Netflix (NFLX -0.97%) shares surged Wednesday after the streaming leader beat subscriber expectations in its third quarter and guided for subscriber additions to accelerate in the fourth quarter.

While that was encouraging news after the company saw subscriber growth fall in each of the first two quarters of the year, there may be an even better reason to get excited about the stock right now.

The streaming giant is getting set to launch its new advertising business, and it could be huge. Here's what you need to know.

A person holding a remote in front of a TV.

Image source: Getty Images.

A long time coming

In early November, the company will begin offering a new basic-with-ads tier in 12 countries that makes up roughly 75% of global TV ad spend. The plan will cost 20% to 40% less than the typical basic plan. In the U.S., for example, Netflix plans to offer the basic with ads plan for $6.99/month, which compares to its $9.99/month price for its traditional basic plan. Ad plans will have roughly five minutes of advertising per hour.

The company tempered expectations for the new revenue stream, saying it wasn't expected to be material to fourth-quarter results because it was launching in the middle of the quarter, and it will take time for it to gain momentum and build up an audience. 

Netflix estimates that the market for TV advertising in the 12 countries where it's launching the ad tier is worth $140 billion, or about half of the size of the $300 billion pay-TV and streaming industry.

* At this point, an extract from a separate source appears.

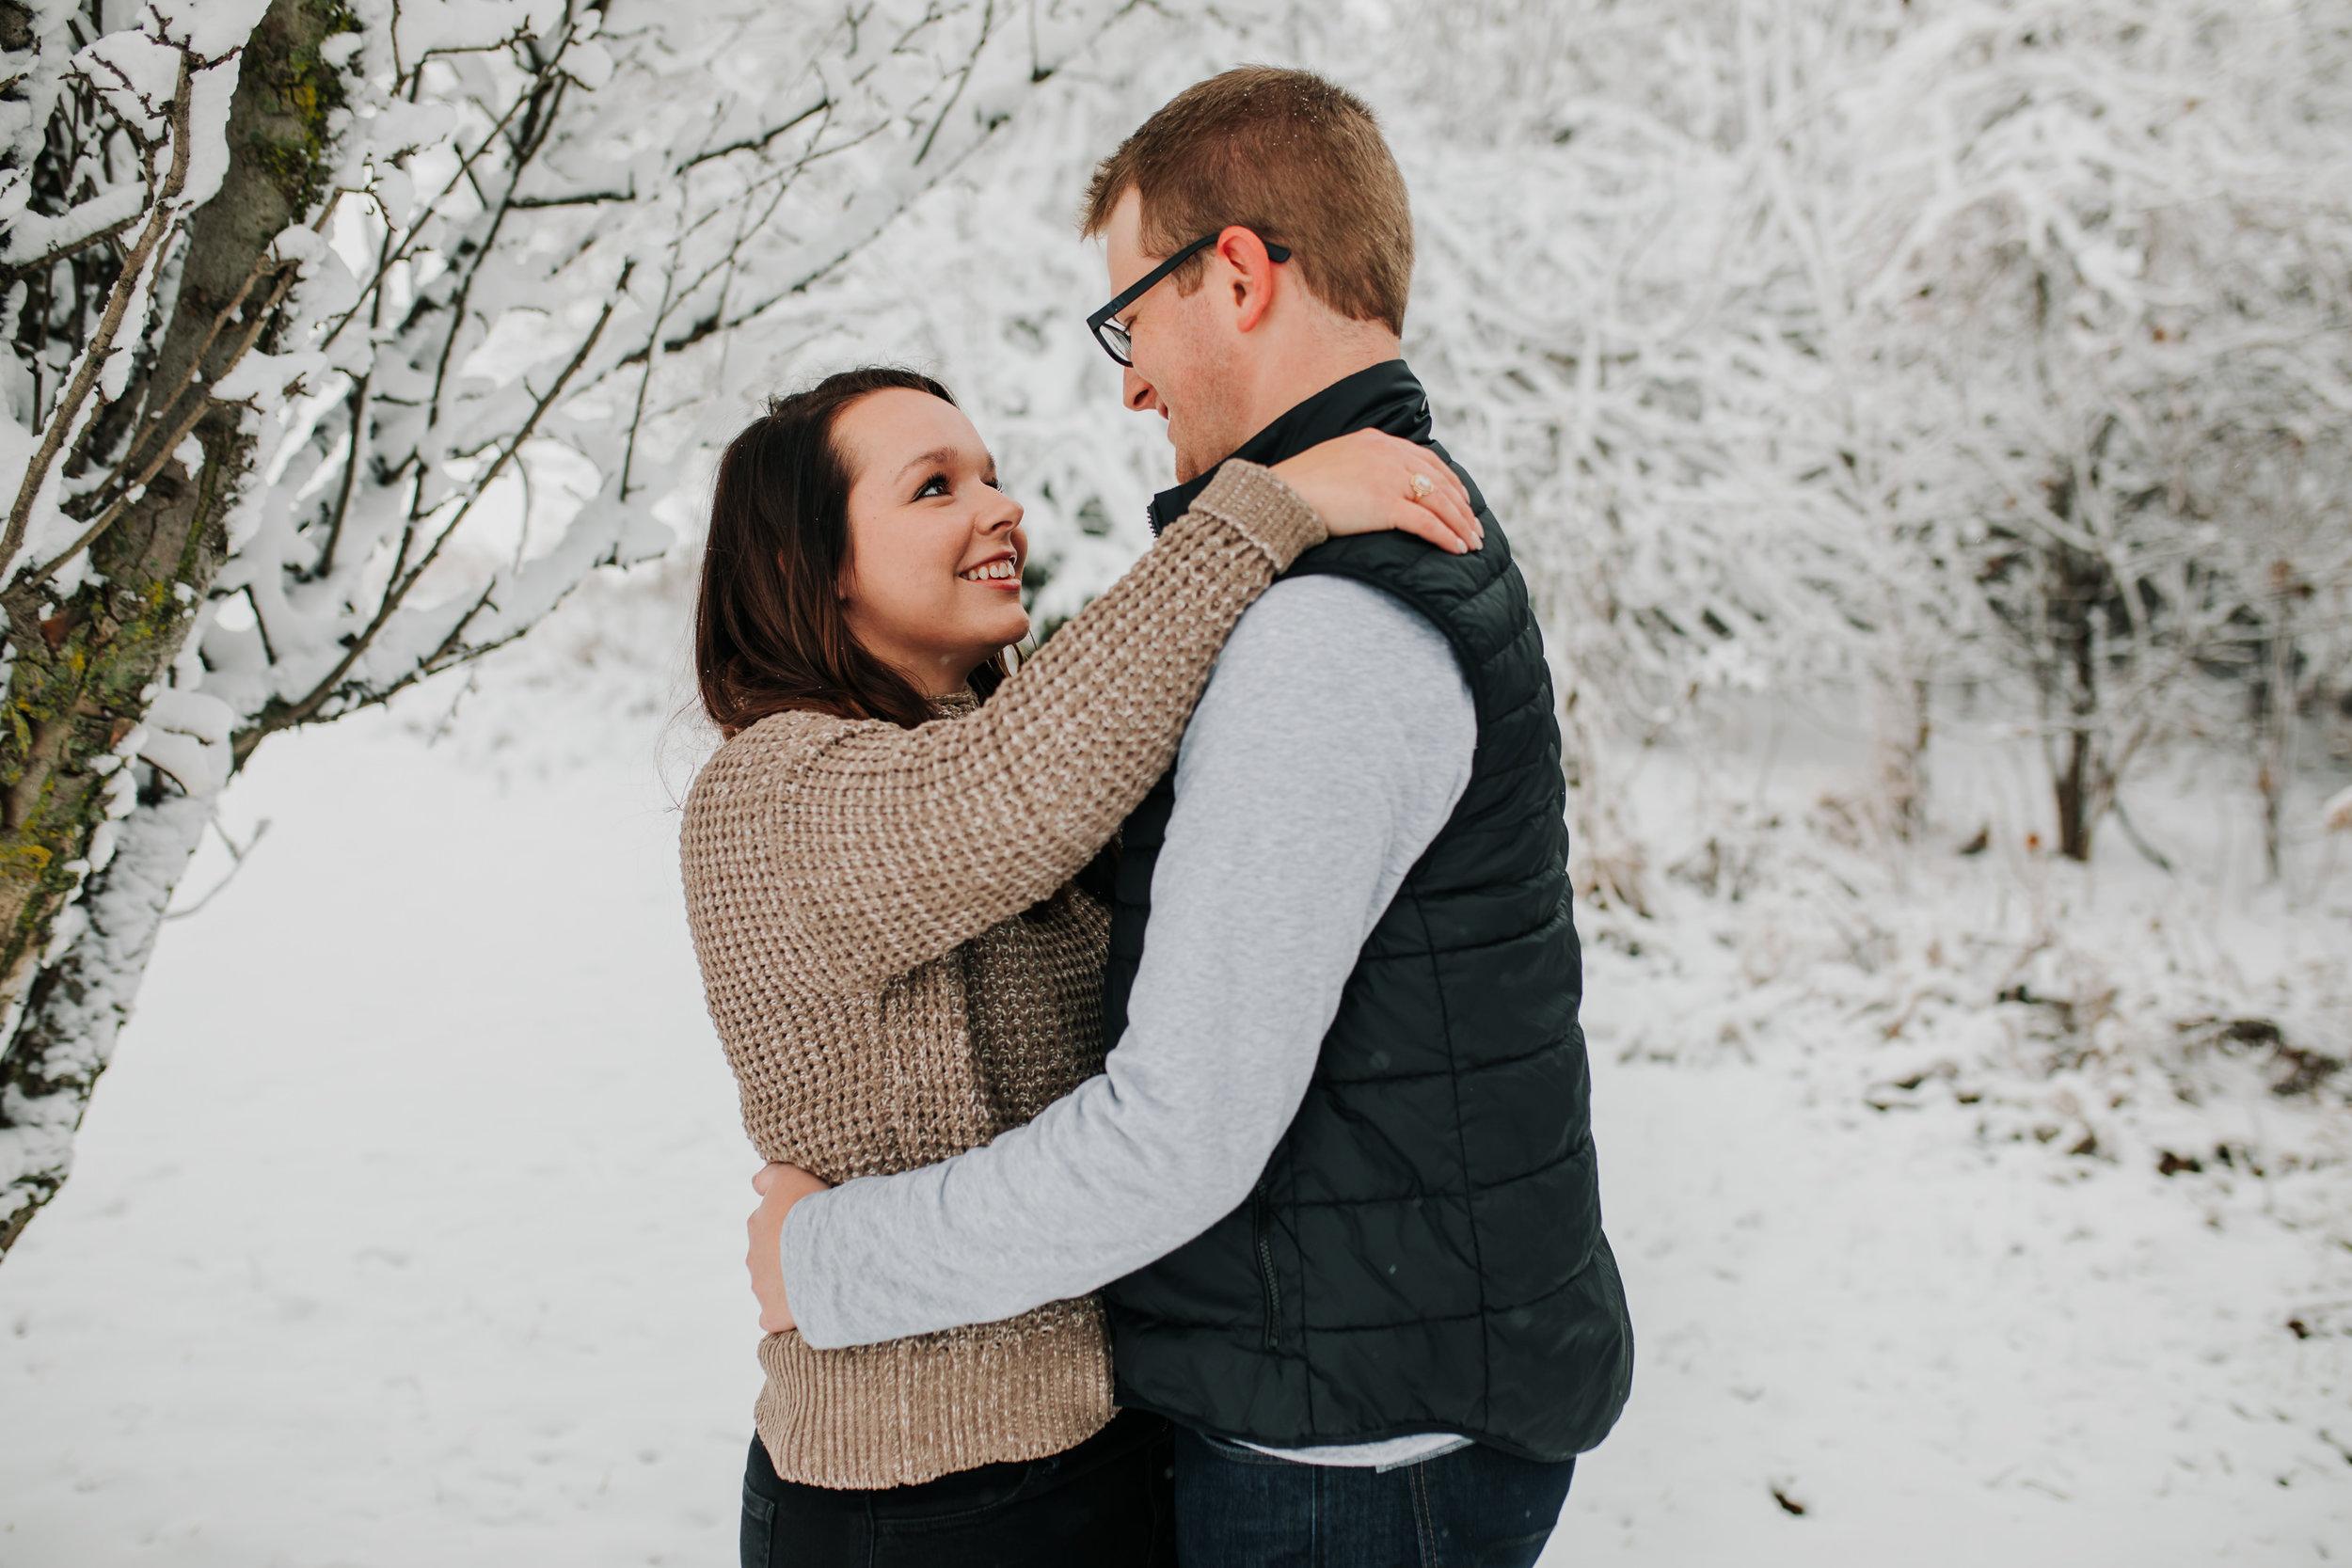 Vanessa & Dan - Engaged - Nathaniel Jensen Photography - Omaha Nebraska Wedding Photographer - Standing Bear Lake - Snowy Engagement Session-24.jpg

In other words, Netflix just expanded its addressable market by roughly 50%.

The company also said that it gets 8% of total TV time in the U.S. and the U.K., two of its most established markets. If it were to convert that share into a share of the advertising market, it would give the company more than $10 billion in high-margin revenue.

Of course, Netflix isn't going to immediately sign up 200 million ad-based subscribers, and the company needs to be careful that the ad tier attracts the right kind of subscribers rather than cannibalizing premium accounts, but the opportunity for ad monetization is clearly there.

Additionally, by offering a product at a lower price point, Netflix now has a subscription that can directly compete with lower-priced options like Disney+, Hulu's ad tier, Apple TV+, and Paramount+.

Why advertising could be a juggernaut

Netflix said that the advertisers' reaction to its new offering has been "extremely positive," and it's easy to see why. Netflix offers advertisers something they can't get anywhere else, a massive audience of more than 200 million households around the world with one platform. It gives advertisers the kind of targeting that you can't get with linear TV, and Netflix will be video-based and mostly on a large screen, which advertisers prefer.

There are also two major secular trends that favor Netflix's advertising business. First, growth in social media advertising has gotten crushed by Apple's new restrictions on ad targeting, cutting off a valuable opportunity for advertisers and sending them to look for alternatives.

Second, the linear TV ad ecosystem is collapsing as audiences are drawn to streaming. As co-CEO Reed Hastings noted on the earnings call, the more valuable 18 to 49 demographic has been even faster to migrate over to streaming services, meaning Netflix has just the kind of audience that TV advertisers want.

It's unclear how much ads on Netflix will cost advertisers, but they're likely to come at a premium. Variety had reported that the company was planning to start negotiations from $65 per thousand impressions (CPM), which is considered fairly high for the industry. Currently, viewers are watching billions of hours of content per week on Netflix. Even if the company had just 100 million hours of ad-based viewing a week and it charged $65 per CPM for 30-second ads, it would bring in $65 million in ad revenue per week, or more than $3 billion a year.

How fast Netflix can monetize the opportunity will depend on how fast subscribers sign up for the ad tier, but the ads business has a lot of potential to reignite growth for a stock that Wall Street seems to have bailed on.

While subscriber growth may not return to its previous heights, it's a mistake to think the growth story is over for Netflix as a business.